Zudem sind die Entscheidungen der Vergangenheit nicht mehr zu ändern, und das Kind ist längst in den Brunnen gefallen. Oder besser gesagt, sind die Kinder in die Adipositasfalle, den Bewegungsmangel und die Smartphonesucht gefallen. Was wiederum den Nachteil hat, dass das kindliche Immunsystem keine Bekanntschaft mit Baum- und Strauchpollen machen kann und die Allergierate steigen wird. Bei
jeglicher retrospektiven Aufarbeitung ist zudem zwingend zu berücksichtigen, dass der Mensch hinterher immer klüger ist – weshalb gutachterliche Bewertungen von Behandlungsabläufen auch immer nur aus der Ex-ante-Perspektive erfolgen können.
Antihistaminika haben die überaus schöne Eigenschaft, dass sie leicht sedierend wirken. Damit ist auch die Fahrtüchtigkeit eingeschränkt.

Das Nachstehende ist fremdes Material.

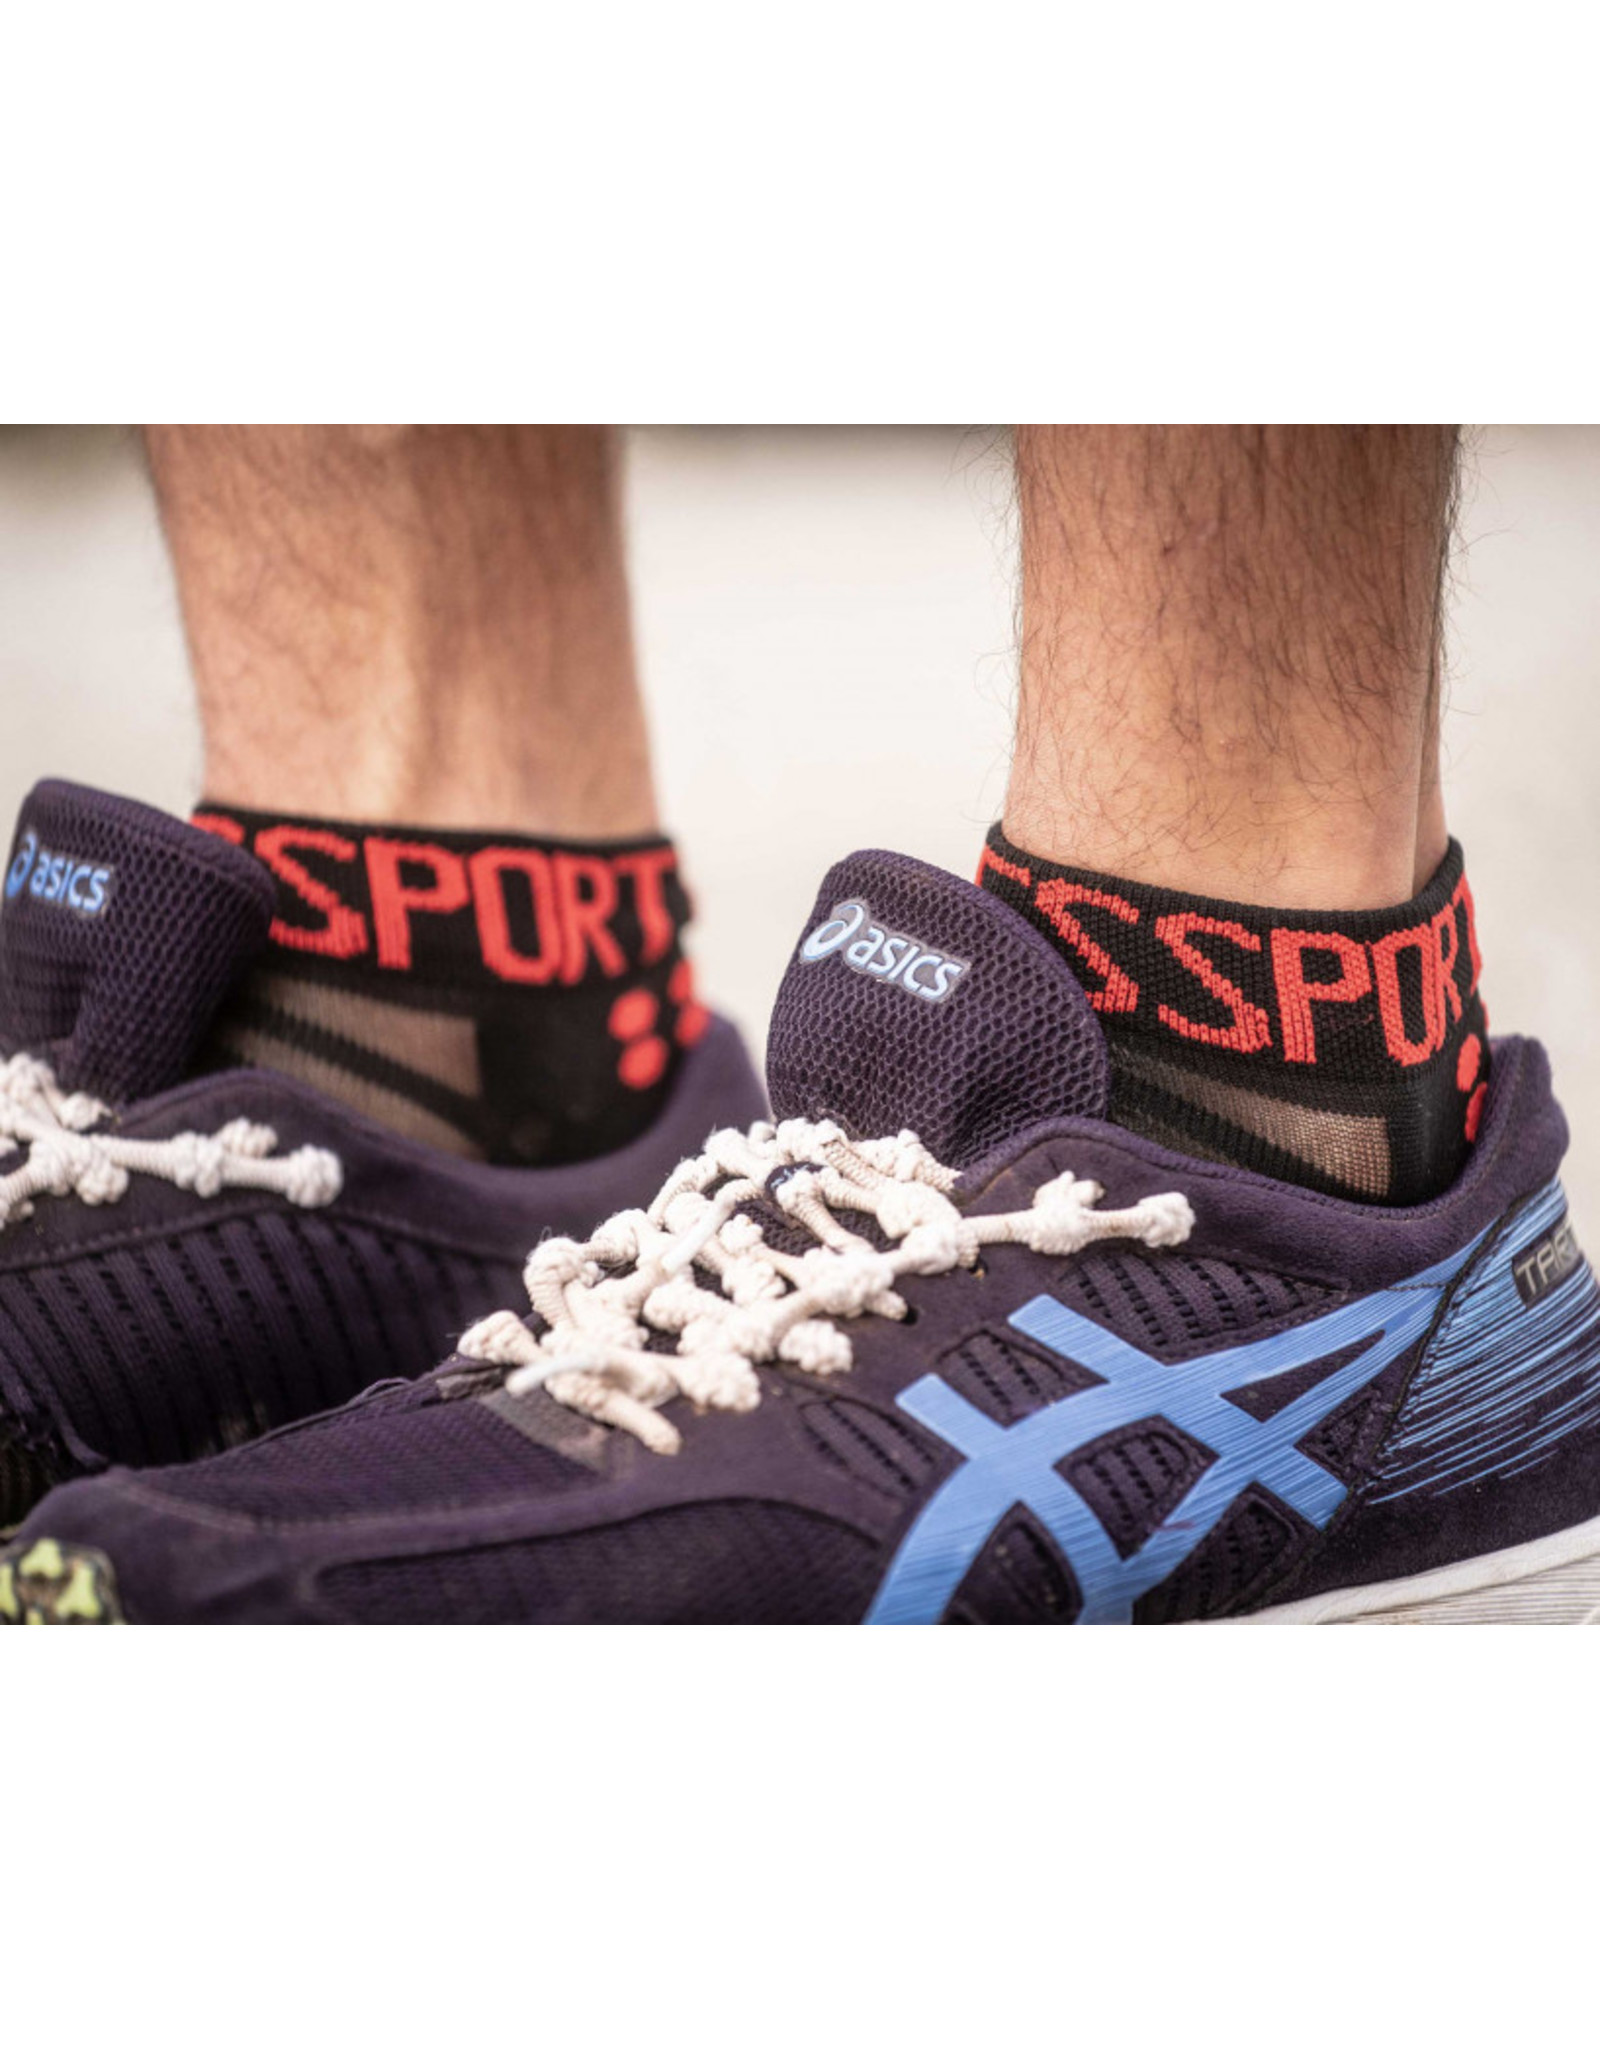 Compressport Pro Racing Socks V3.0 Ultralight Run Low Hardloopsokken - Zwart/Rood

Ich wäre dafür, Antihistaminika in den Frühlings- und Sommermonaten generell ins Trinkwasser zu mischen. Dann bräuchten wir auch kein Cannabisgesetz mehr. Alle chillen auf Cetirizin, lassen das Auto stehen, die Luft wird besser, die Pollen milder und das Leben endlich wieder schön. Vielleicht käme die Welt so ein bisschen zur Ruhe.
In diesem Sinne mein Rezept für Sie: Rp: Cetirizin 10 mg 0-0-1.